A non-profit executive who knew Jennifer and Sarah Hart and their children said she saw no signs of trouble during her interactions with the family.
Jennifer Hart is believed to have driven herself, her wife Sarah, and four of their adopted children over a cliff in northern California in late March, killing them all. Two of the children, 15-year-old Devonte Hart and 16-year-old Hannah Hart, are still missing.
Devonte became well-known in 2014 after a photo of him in a tearful embrace with a Portland police officer at a demonstration to support the Ferguson anti-police brutality protests went viral.
In the days leading up to the family’s disappearance, a neighbor of the Harts in Woodland, Washington, said that Devonte came to her home begging for food, claiming that his parents were withholding food as punishment.

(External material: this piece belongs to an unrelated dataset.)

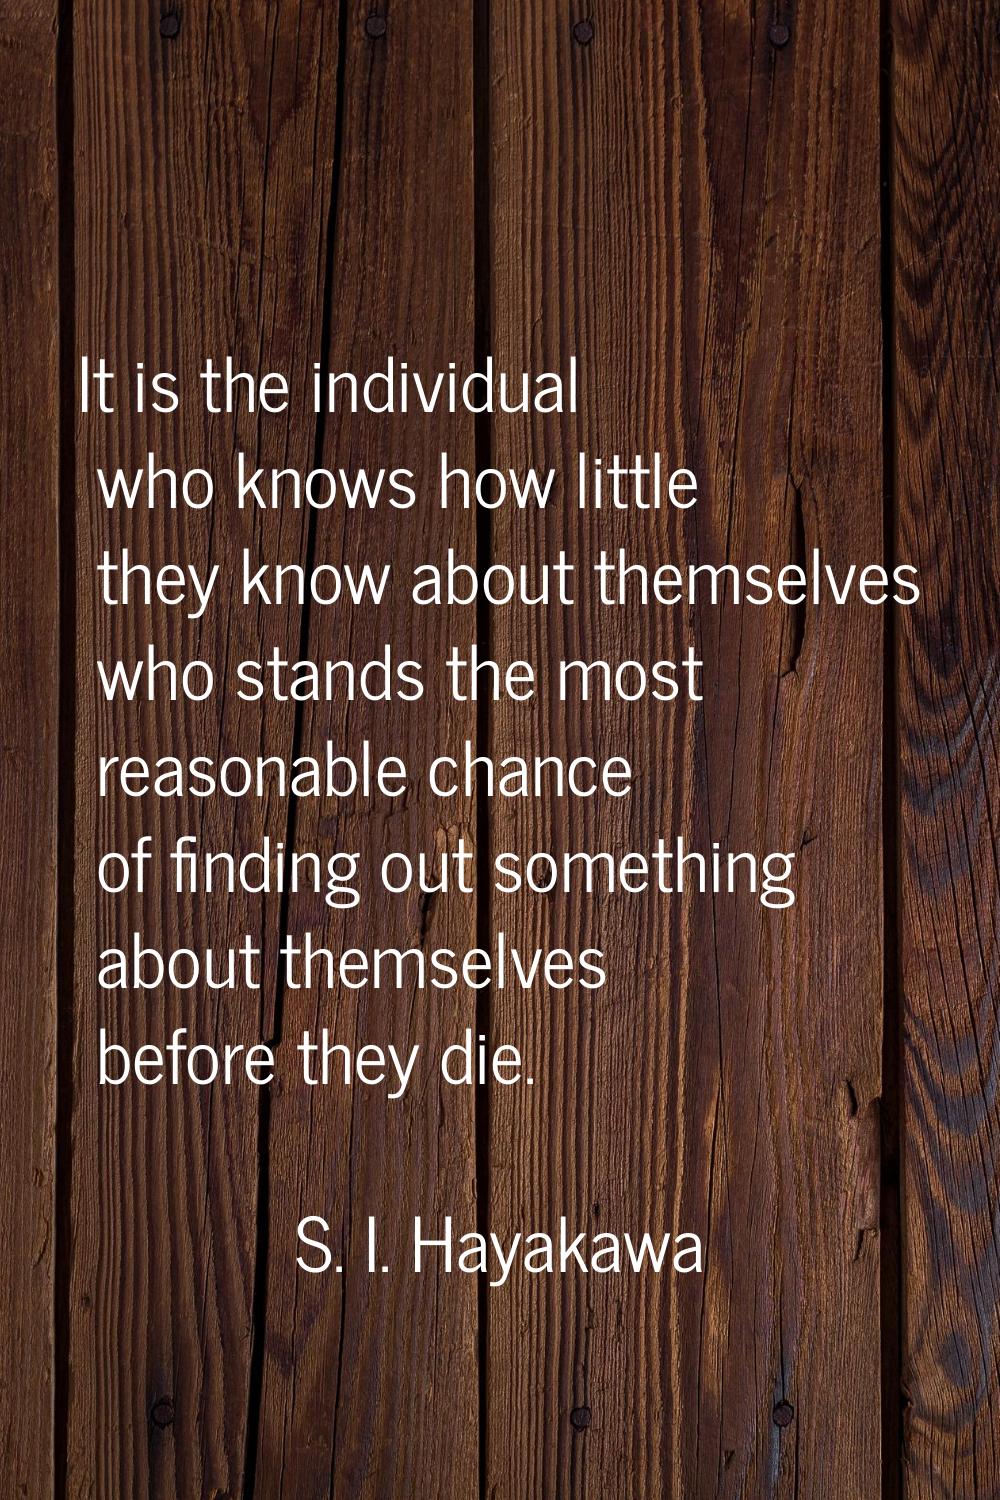 It is the individual who knows how little they know about themselves who stands the most reasonable

As CrimeOnline previously reported, Jennifer Hart maintained an active social media presence and frequently posted photos of her children at various events. In some of the photos, Devonte Hart is seen carrying signs seeking donations for charitable causes. In one, Devonte stands on a stage next to two oversized checks made out to Honor the Earth foundation, a non-profit organization dedicated to supporting environmental issues affecting Native Americans.
CrimeOnline contacted Honor the Earth to confirm that the Harts donated the money raised to the foundation. Activist and Honor the Earth Executive Director Winona LaDuke responded by phone on Wednesday, explaining that she had personally known the Hart family. Asked if she had ever seen signs of trouble, LaDuke said she “had only pleasant experiences” with them.
“I have no idea why that happened,” she said, referring to the apparent murder-suicide. “It broke my heart.”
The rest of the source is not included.